### DATA PROVIDED
====
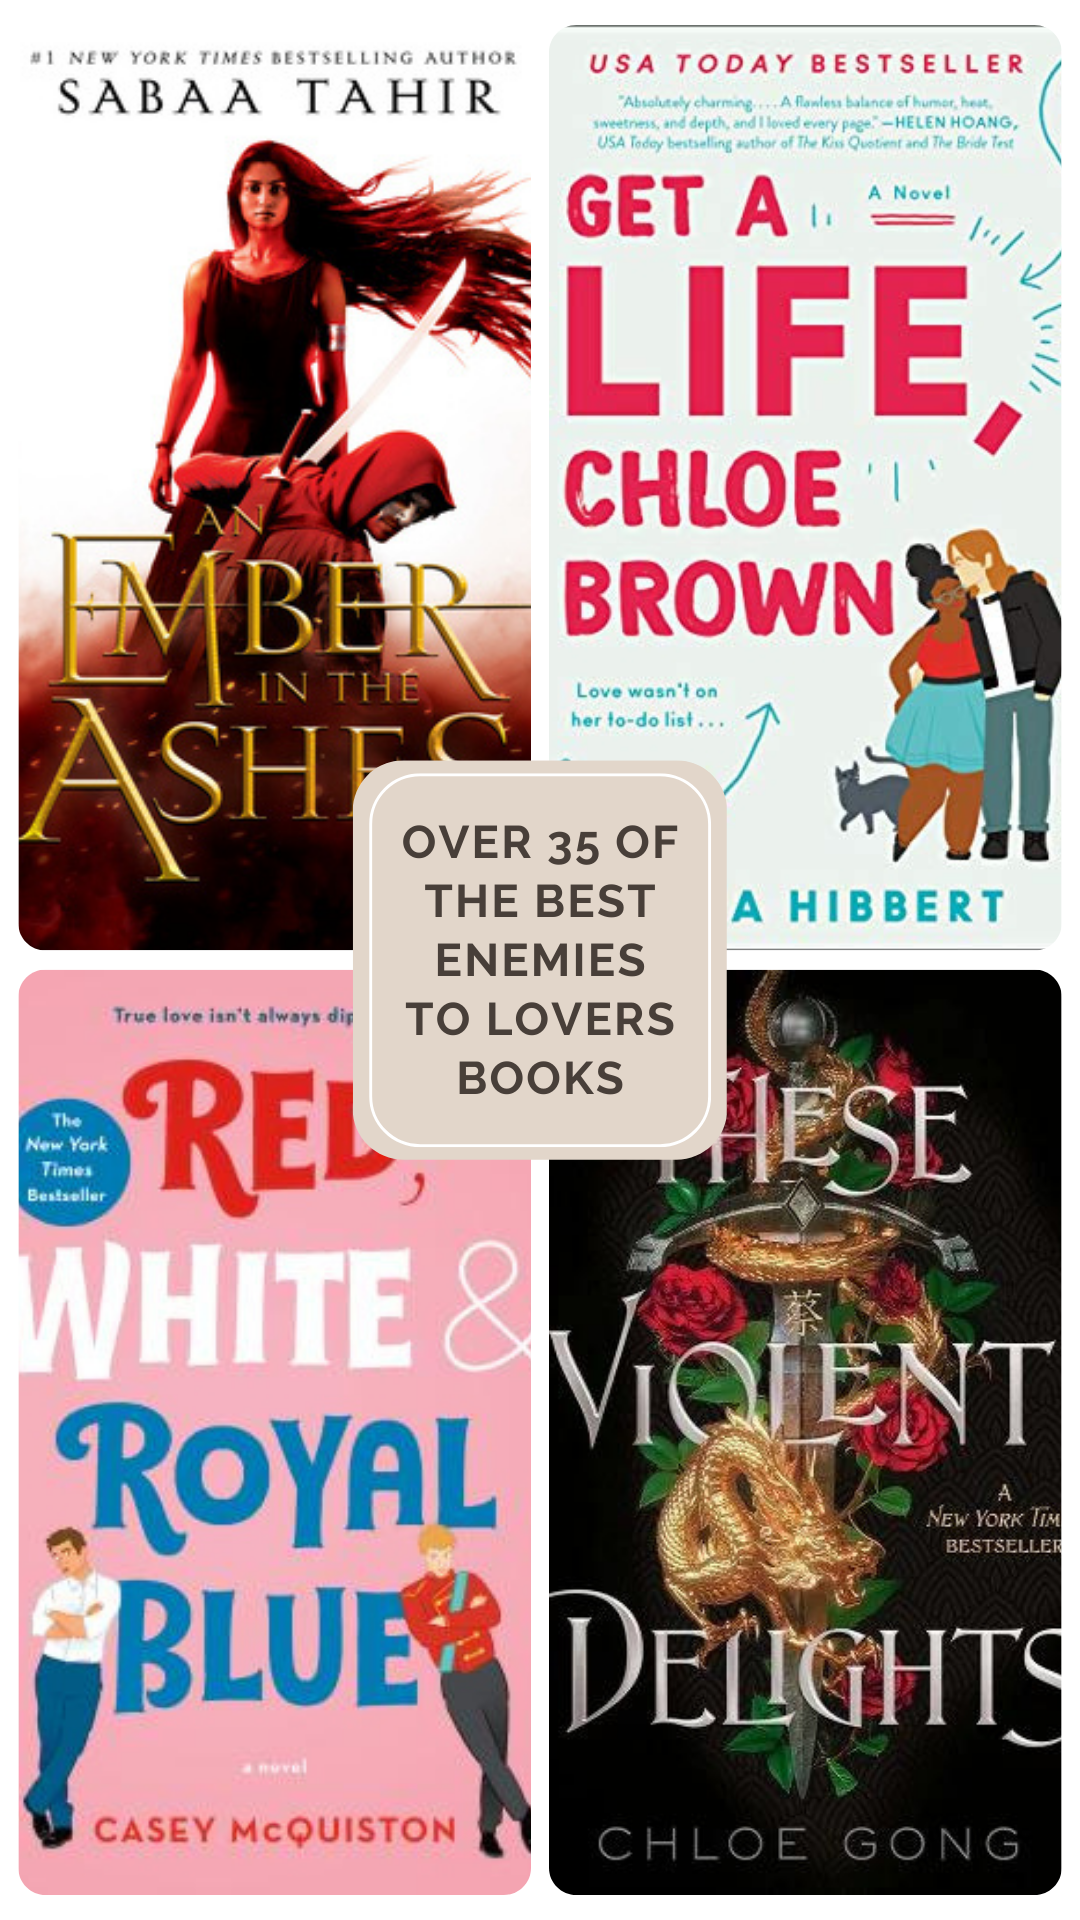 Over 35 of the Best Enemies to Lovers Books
====
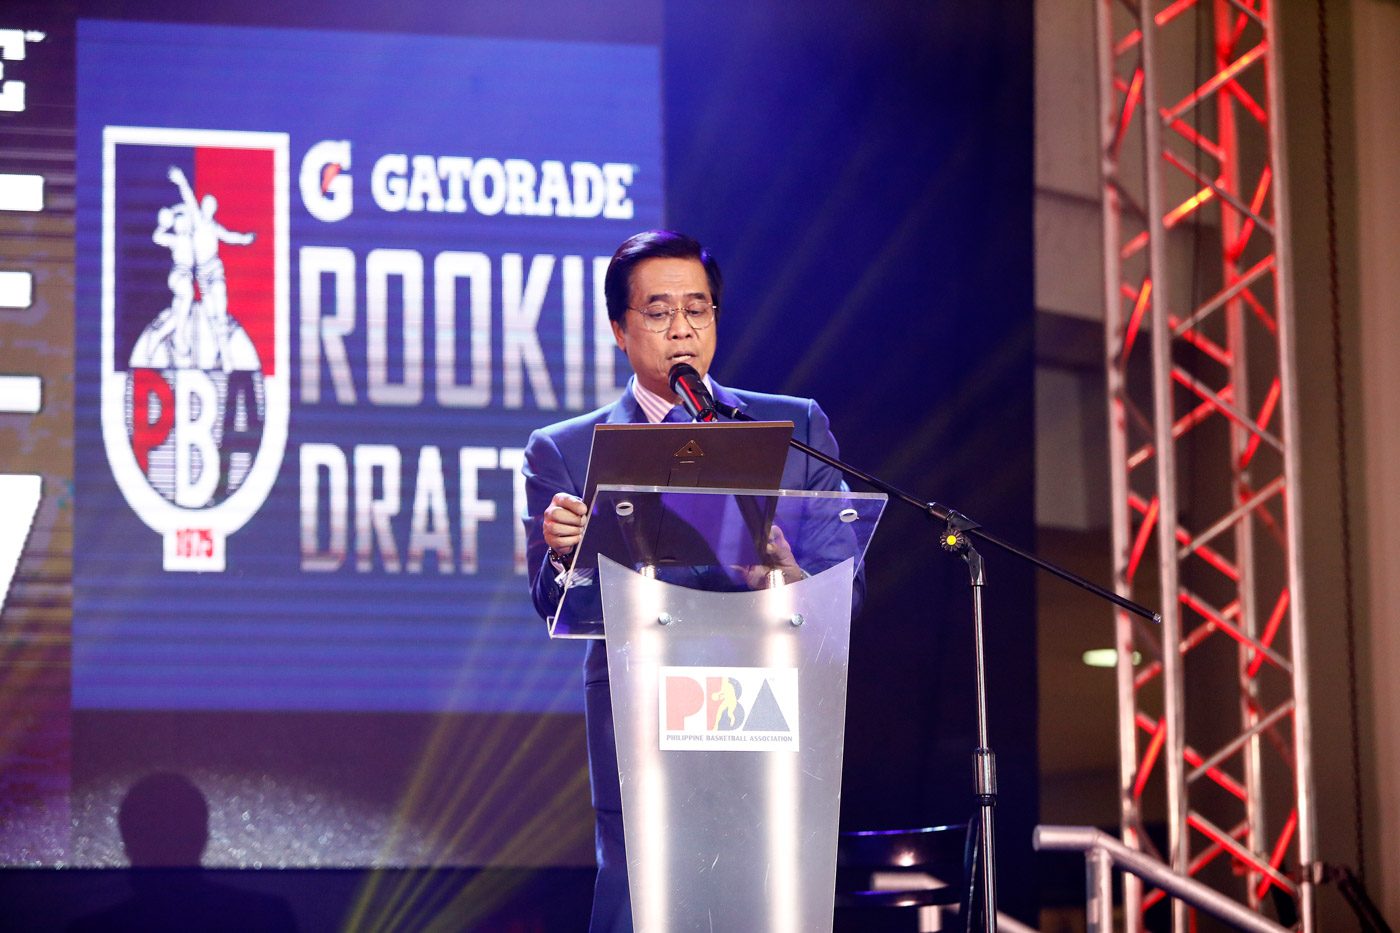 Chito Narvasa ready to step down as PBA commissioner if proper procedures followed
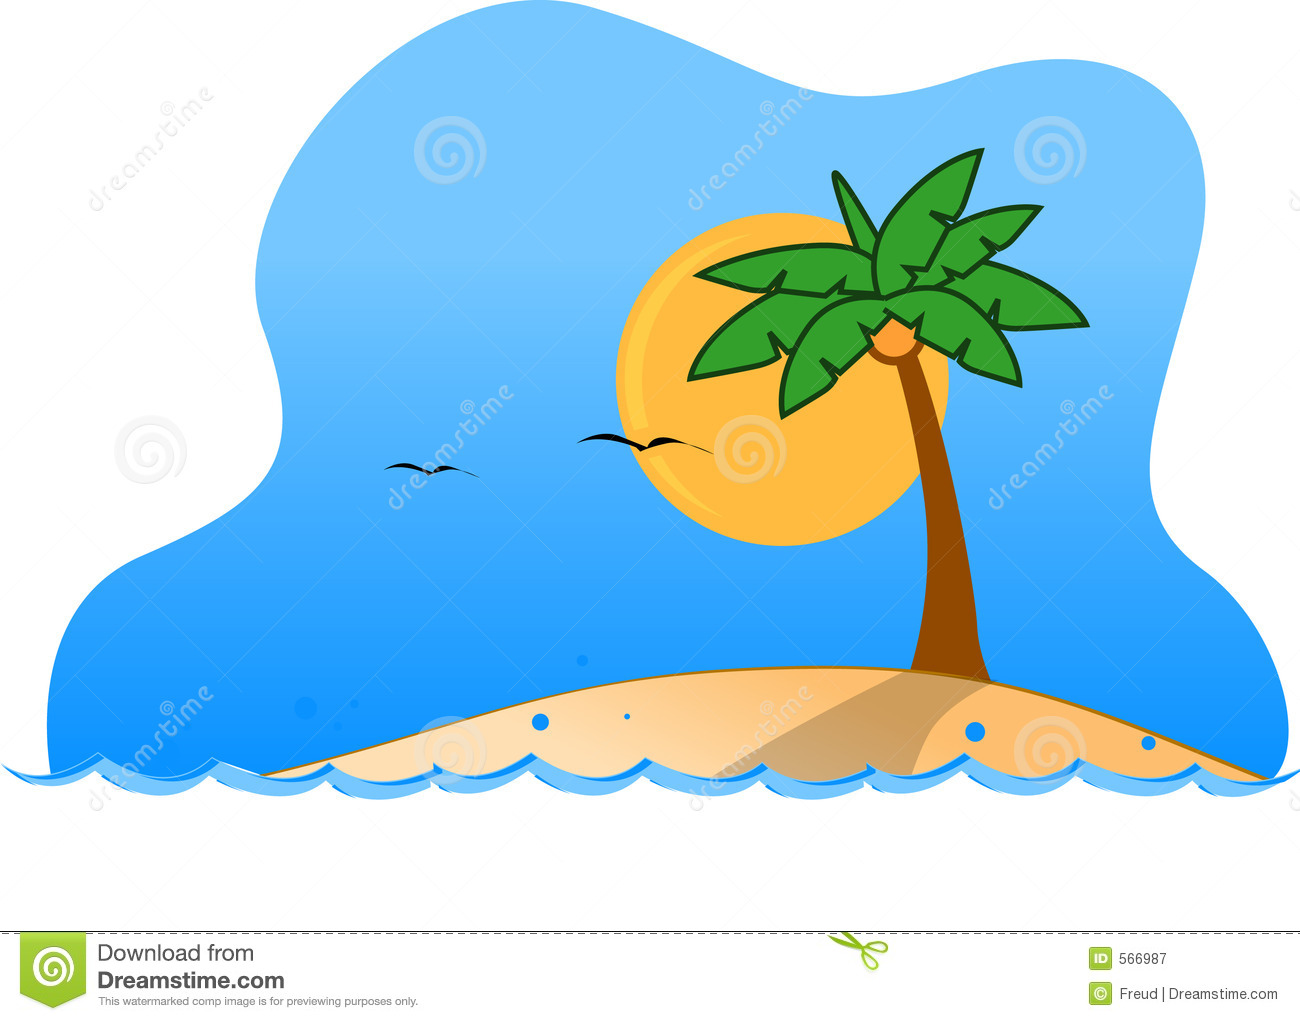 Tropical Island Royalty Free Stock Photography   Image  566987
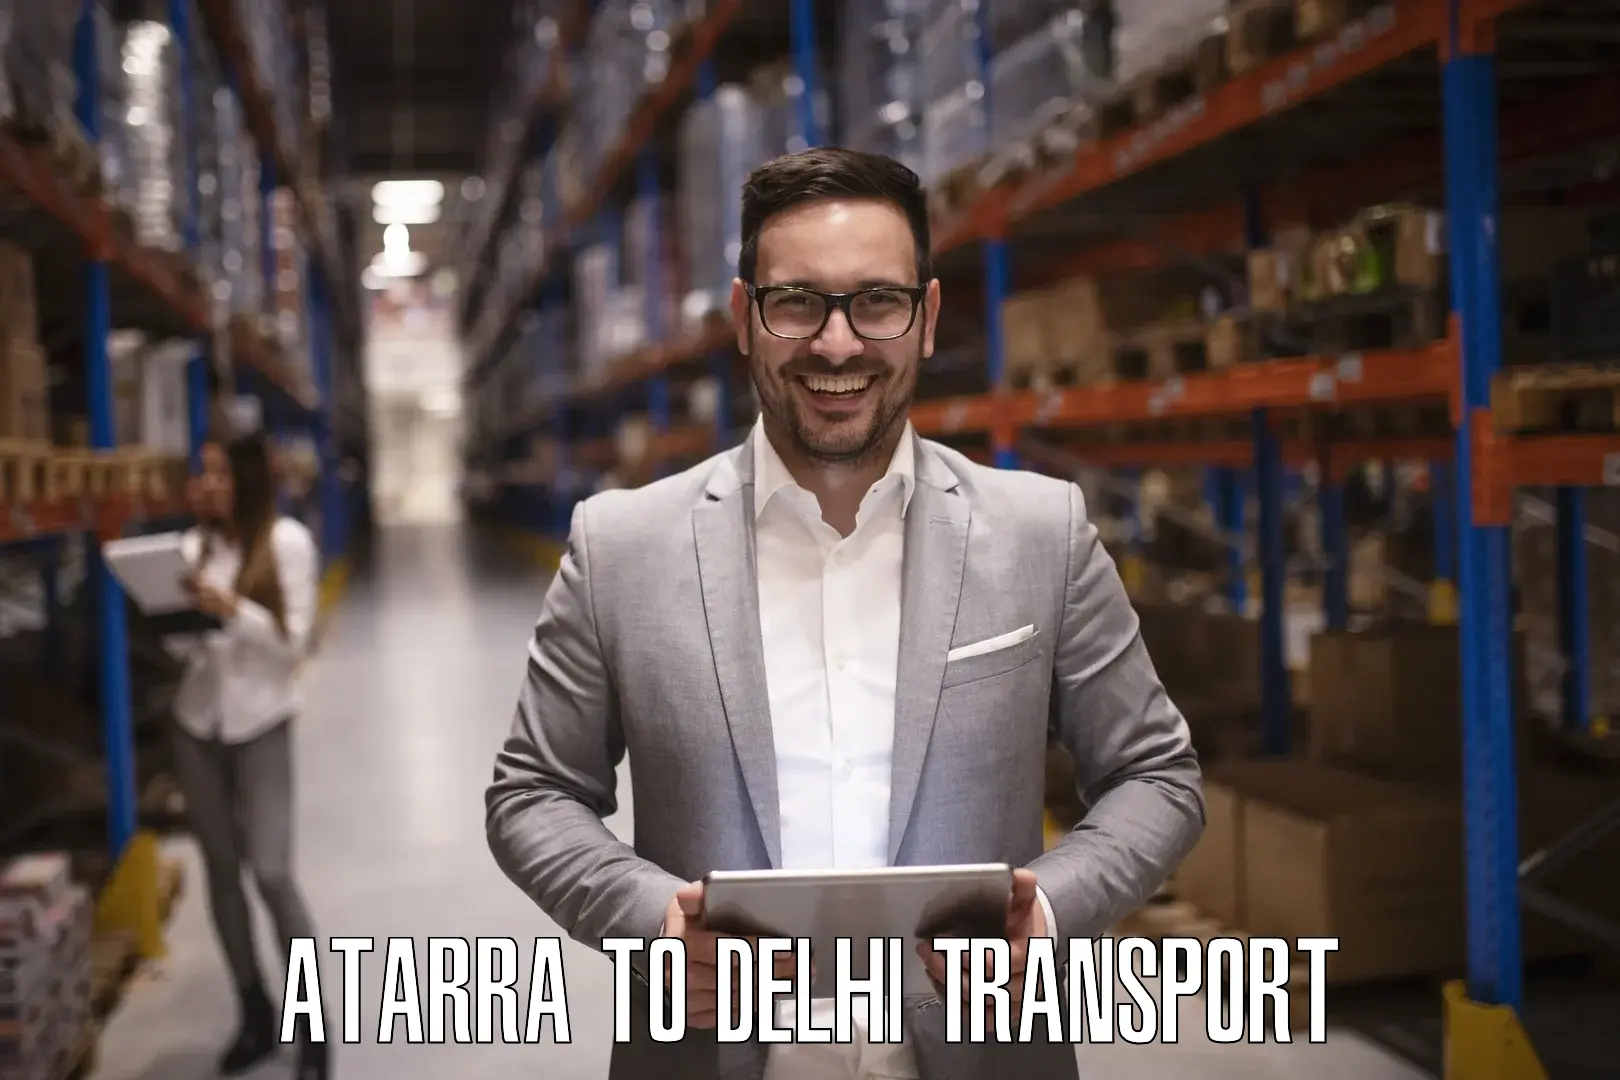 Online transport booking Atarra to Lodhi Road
====
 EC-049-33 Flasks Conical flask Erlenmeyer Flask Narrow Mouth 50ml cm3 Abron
====
### WHAT TO DO
When you reach the line with "Tropical Island Royalty" in the records above, start writing out each line exactly, and stop after the line with "Online transport booking". Pictures stay out.

### WRITTEN RESPONSE
 Tropical Island Royalty Free Stock Photography   Image  566987
 Online transport booking Atarra to Lodhi Road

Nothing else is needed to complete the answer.